Herein begins my testing blog, not that I suspect anyone will read it, but here goes anyway.  Apologies in advance for my somewhat stream-of-consciousness flow.  Friends sometimes call me Mr. Tangent, to which I reply, “I resemble that remark.”

Speaking of stream of consciousness, I recently watched for about the tenth time The Great Escape.  I love this movie.  It suggests readily what courses through the mind of a tester on a daily basis.  It takes place in the final days of World War II.  A group of experienced, but obviously not completely successful, escapees from NAZI prison camps have been gathered into one camp, especially designed for them, a camp believed to be inescapable – so thinks its designer anyway.  Steve McQueen plays the cocky American officer who stands out as a natural at the game, boasting of no less than 18 escapes (and subsequent recaptures) to his credit.  Within his first few minutes in the camp, he has already sniffed out a “testable” situation and devised a “test” to explore it.  Pulling out his baseball and glove, he pretends to play catch with himself, a seemingly idle act.  A wire strung near ground-level marks out a margin between the camp and the fence.  Crossing it would initiate an immediate response of machine gun fire from the guard towers – “unless,” he thinks, “unless the guards don’t see you.”  Is there a place where the guards won’t see him?  Yes, there is.  At the precise mid-point between the two towers, there is a blind spot, a place neither tower can see.  He throws his baseball along that line to the fence.  Then, at a moment when the guards are distracted by a commotion elsewhere, he calmly steps across the wire and walks toward his baseball.  It only lasts seconds until he is finally seen and has to plead that the machine gun fire at his feet cease; but the few seconds were all he needed.  He had found his first “bug” in the inescapable (supposedly “bug-free”) prison camp.  This quick discovery would become a key building block in his first escape attempt.

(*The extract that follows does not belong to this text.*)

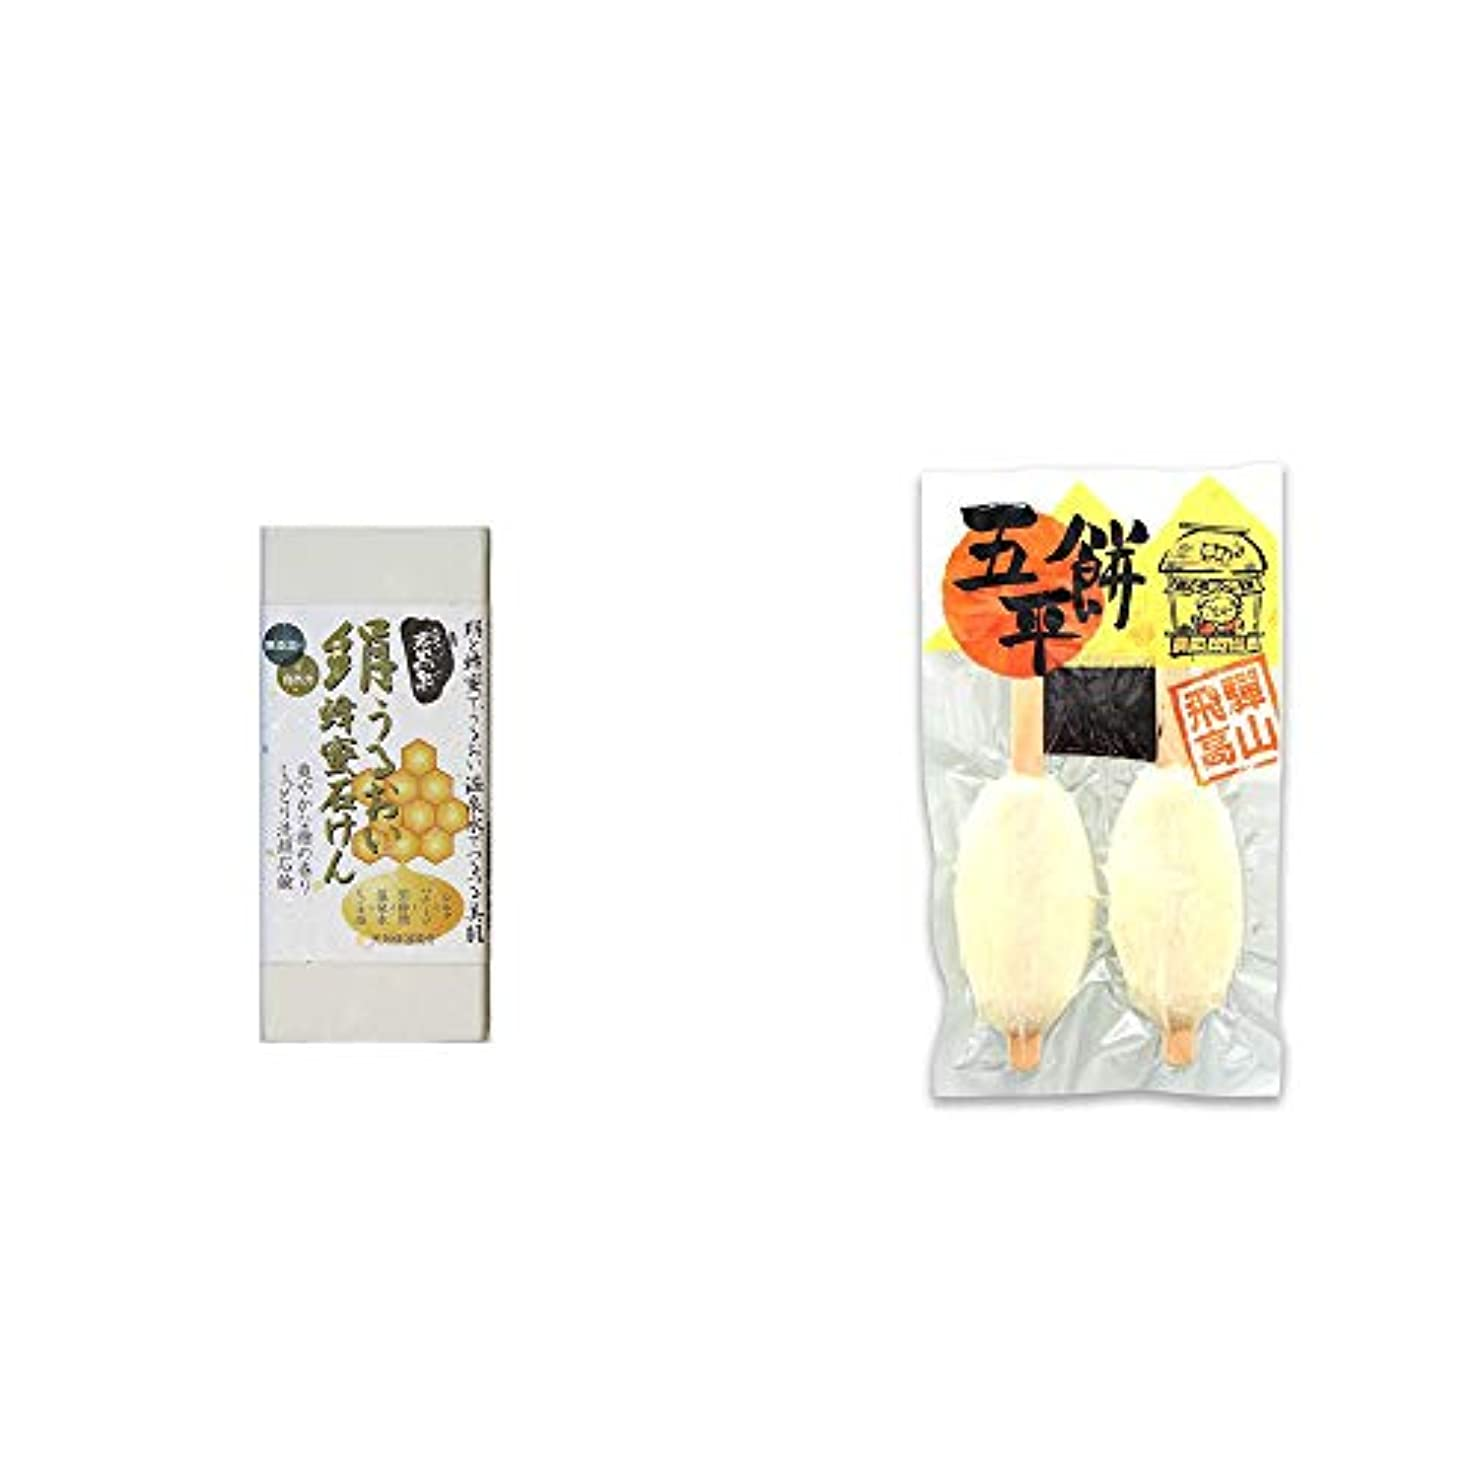 中傷しみ新年[2点セット] ひのき炭黒泉 絹うるおい蜂蜜石けん(75g×2)?飛騨高山 木や 五平餅(2本入)

This is how a tester thinks, almost without thinking.  It’s like a reflex.  Now, if we were to ask this man, “But where is your escape plan and carefully drawn up list of potential escape methods?  Certainly you made good use of the time during the ride to the prison camp in formulating all these things.  Certainly you are prepared to give your commanding officer at any moment status of how you are progressing in you investigation of means of escape and an estimate of when you would complete this investigation.  Hardly!  Steve McQueen didn’t have a plan.  He carried out his investigations on the fly.  And as far as an estimate of when this all would be completed his answer would probably be something like, “I’ll tell you over a shot of Kirsch once we’ve reached Switzerland.”

I think there is another reason this movie resonates with me as a tester.  Maybe I’m strange — just ask my wife or anyone else I know and you’ll learn that I probably am… Maybe I’m strange, but I get a sort of odd thrill out of testing, like the thrill one gets when getting away with something.  Hah!  I didn’t write a single line of code in this application but I found something in it that no developer did.  I found a bug!  No one told me where or how to find it.  No one had to give me permission to find it.  I did not even need to be in process of executing a written test case to find it.  But I found it anyway.  I’ve never been imprisoned in such a camp but I imagine escaping from one is a similar such thrill.

So back to the point (finally!) of this article… I’ve happened upon circumstance (in the form of a sudden lay-off from my last testing gig) that has afforded me time to start a blog.  I’ve wanted to do it for quite a while after reading the many interesting articles published by my fellow AST members.  As to what I’d like to focus on I have given considerable thought, but I still haven’t arrived at a framework.  I suppose my present job hunt will naturally provide such, at least initially.  Anyway, if you can point me to my next job, please do so, but maybe in the mean time you can at least engage with me in some fun conversation.  In due time I will be putting down some thoughts I’ve had over the past two years during which I have come to know the context-driven paradigm and surrounding community — this after thirteen sustained, torturous years of factory testing!